For her, every crisis presents an opportunity for a new beginning: “You reflect upon a difficult moment, you pause, and then you decide how to go on.” The young woman – who moved back to Mallorca five years ago and founded the production company ‘Nuu Films’ with her boyfriend – thinks that it´s never too late for a change of course in life.
‘Bittersweet Days’ shows, in an entertaining and charming way, that changes don’t always work out. The main character Júlia lives a normal life in Barcelona. She shares a flat with her boyfriend, works in an office, and meets up with friends. When her partner goes to London for a job, a Dutch guy called Luuk moves in with her. He is a photographer, does a language course in Barcelona, and lives for the moment in a carefree way. After a joint visit to Mallorca, where Júlia is originally from, she starts to doubt her carefully structured existence and asks herself what she really wants.
“This identity crisis which we suffer on our way to adulthood, comes back to us at the end of our 20s,” says Marga, who wrote the script, directed, and cut the movie on the computer.
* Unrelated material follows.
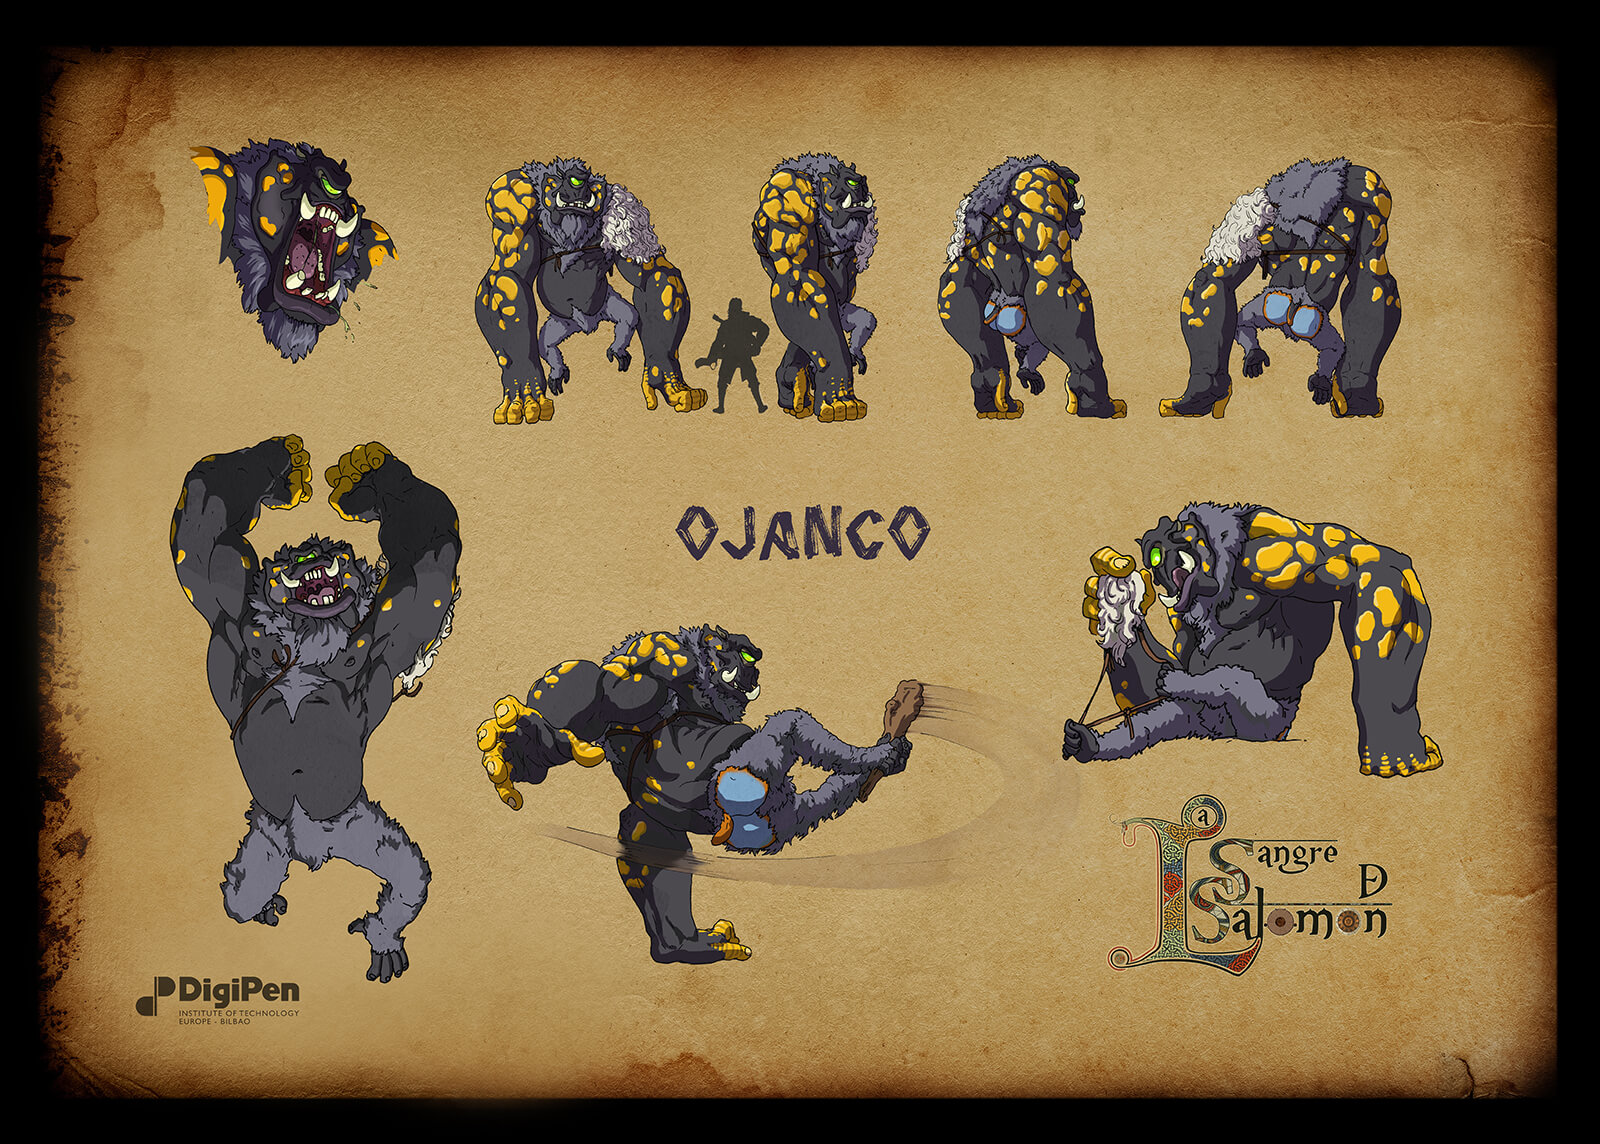 Concept paintings for a gray and black ape-like cyclops monster named Ojanco in various poses such as pouncing and kicking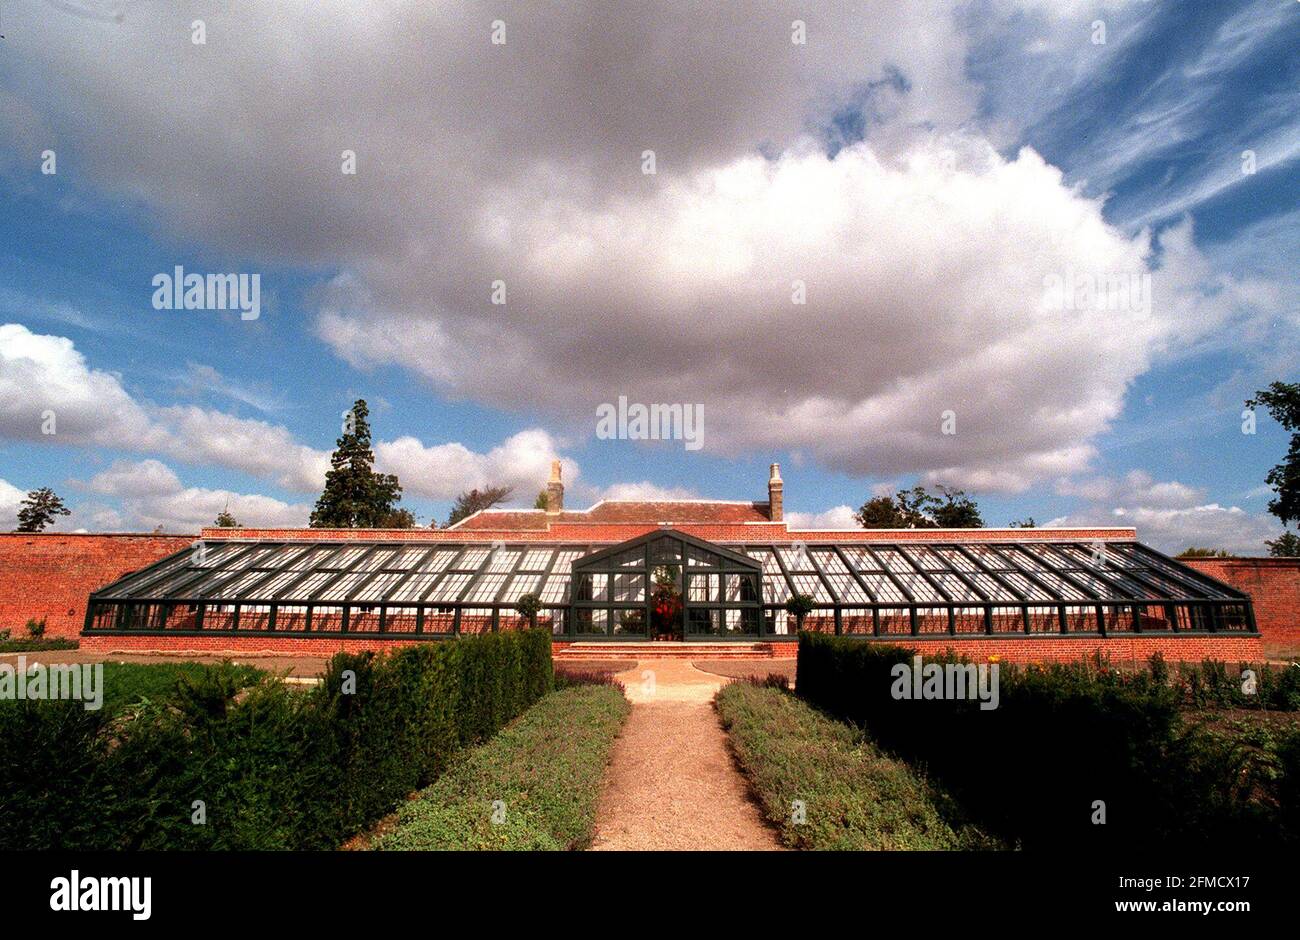 The National Trust has just completed a restoration Sep 2000of the walled garden at Wimpole Hall, including re-building the glasshousesto the original design of the 18th century architect Sir John Soane, they were destroyed by a German bomb in World War Two Stock Photo

And she is not the only creative woman on the Mallorcan movie scene. Forty directors from the island belong to the Associació de Cineastes de les Illes Balears (ACIB), of which Marga Melià became president in 2015, and which includes names like Agustí Villaronga and Daniel Monzón.
“Due to the financial situation it is still difficult to shoot on Mallorca,” she explains. When there aren’t any fiscal incentives, public support or private investments are missing in the film industry. And that’s in spite of the island offering perfect conditions for a prospering movie business: many hours of sunshine, impressive landscapes, good local technicians, and numerous flight connections.
Many foreign directors have discovered the island for themselves: the latest who shot an entire movie here was Marc Rothemund with the comedy „Da muss Mann durch“.
Marga Melià points out that for her everything could be different with the next movie. Maybe she will hire real actors, but she will definitely fight for some film funding. She already has some initial ideas but nothing´s set in stone so far. Meanwhile she makes a living with smaller productions like commercial spots and video clips.
“Before, a house and a family were important to me,” she says. Now she is not sure if she wants to have children: “It´s an option, but it´s not a priority.” Her thoughts are more occupied with finding out how to be happy in life. “I will find out,” Marga adds. “To be happy is an ongoing process for your whole life.”
‘Bittersweet Days’ will be presented at the Evolution Mallorca International Film Festival in Palma in November. In spring 2017, the movie will be shown in selected cinemas throughout Spain.